Forecasts cut—but earnings uptrend still intact: We have cut our FY12-13 profit projections by 7% and 15%, respectively, to Bt13,684m and Bt14,806m, to fine-tune for MS’s revised Newcastle Coal Index (NEWC) of US$115/t for 2012 (from US$119/t previously). We have also factored in withholding taxes on dividends from CEY (15%) and ITMG (10%)—the firm realized Bt700m last year. Despite a lower NEWC, we remain positive about BANPU’s FY12 earnings outlook—core profit expansion of 14% YoY, buoyed by volume growth and a higher ASP.
1Q12 the nadir … We expect 1Q12 net earnings of Bt2,179m, down by 38% QoQ and 76% YoY. Stripping out extra gains, profit would be down 19% QoQ but flattish YoY. Weak ITMG numbers are responsible for the QoQ decline. Rainy season in Indonesia and higher diesel costs hit hard on ITMG. As such, we estimate BANPU’s sales tonnage at 5.7mt (7.2mt in 4Q11) and GM at 49% (52% in 4Q11). On the flipside, CEY’s performance should have improved on a higher ASP (US$74/t versus $73/t) and sales tonnage (3.5mt versus 3.4mt). Furthermore, BLCP’s restart would have added to 1Q12 profit.
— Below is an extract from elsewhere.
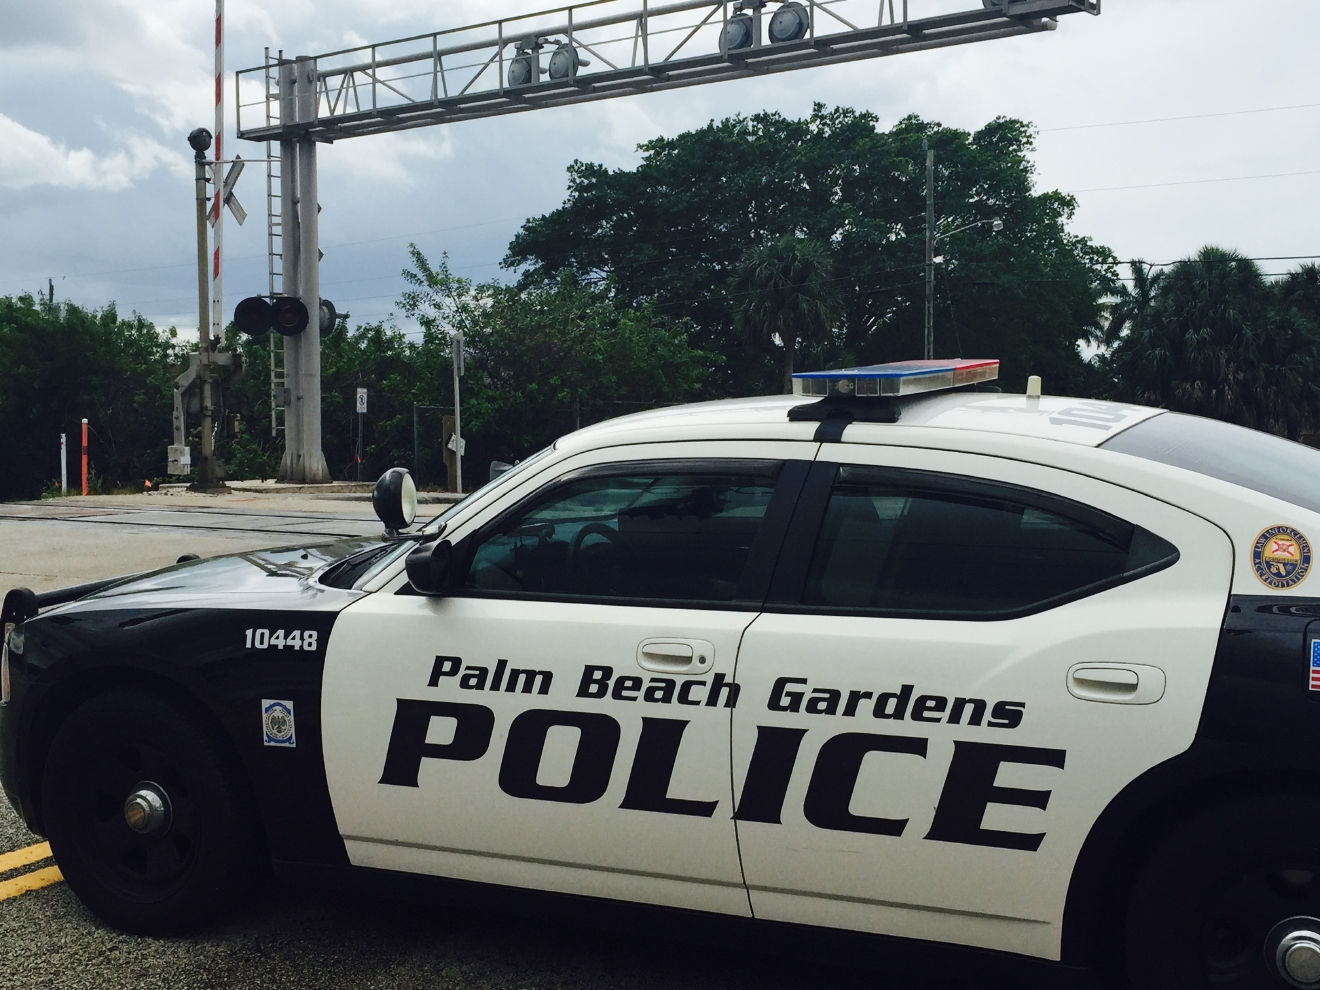 Motorcycle crash driver taken to hospital wpec - Palm beach gardens police department ...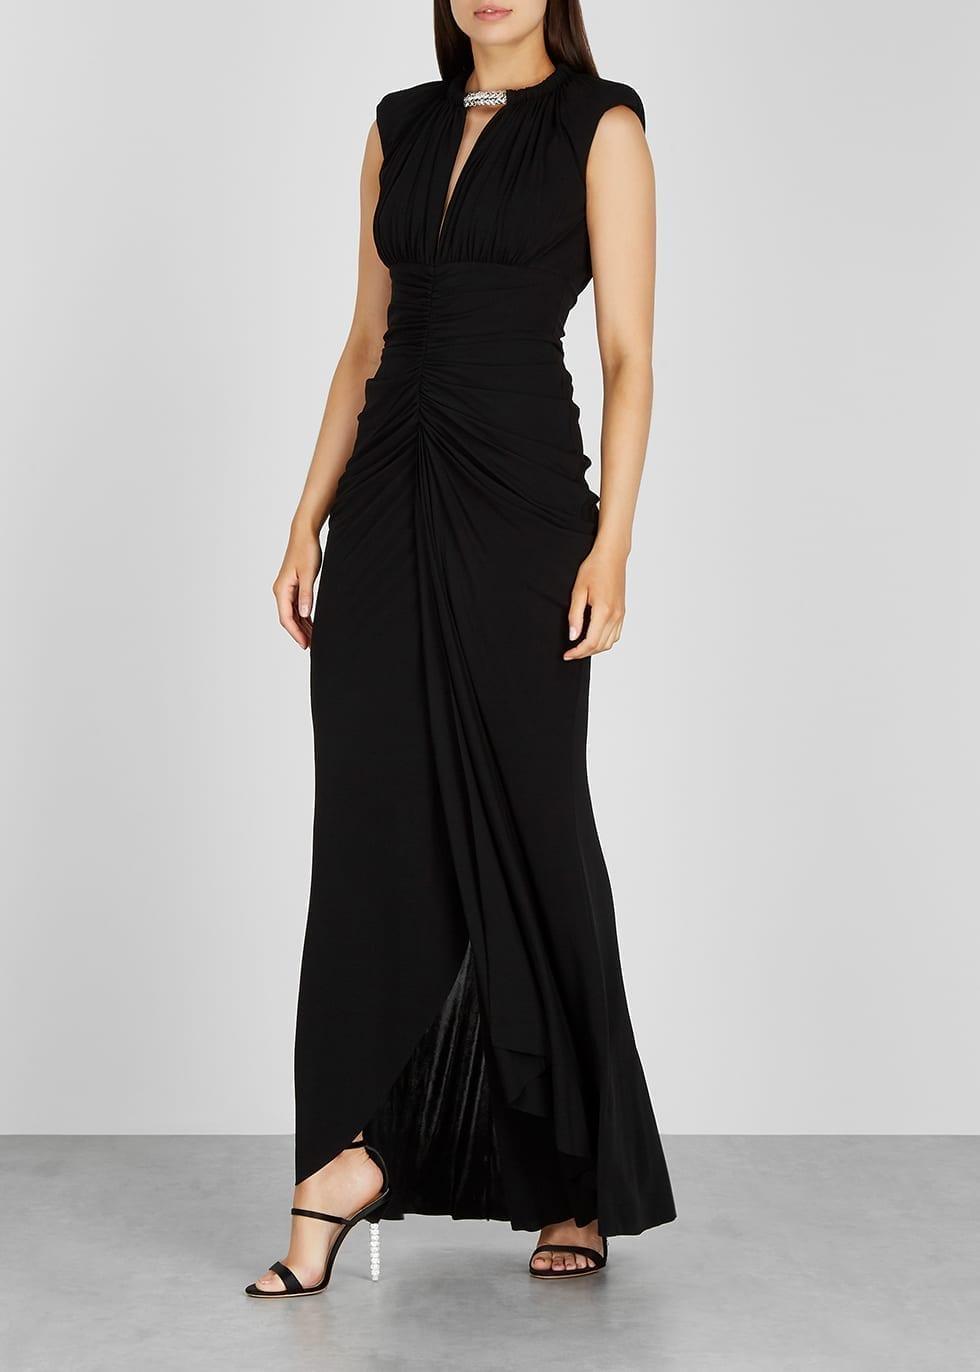 ALEXANDER MCQUEEN Black Crystal-embellished Jersey Gown

…earnings uptrend in 2Q12, and … Despite the weak expected 1Q12 numbers, we are optimistic about the 2Q12 outlook. BLCP’s contribution will peak on increased dispatching to EGAT. CEY should post better sales tonnages than originally planned, due to shipments deferred from 1Q12. Moreover, ITMG’s ASP is forecast to rise to US$102-103/t from $101/t in 1Q12. We also see scope for upside to earnings from Hebi—management is negotiating with industrial clients to raise the sales price further from the current RMB550/t.
…2H12 > 1H12: In our view, the prospects for 2H12 are even stronger. Profit growth will be driven by broad recoveries at ITMG, CEY and at coal assets in China. During Indonesian dry season, the firm usually reports much higher sales tonnages than in the first-half of the year. We expect a greater contribution by CEY, as its sales volume will peak (no long-wall moves are planned for 3Q12) and the effect of re-pricing will boost ASP further. In China, the Goahe Mine should ramp up its output after it obtains a production license, expected by June or July.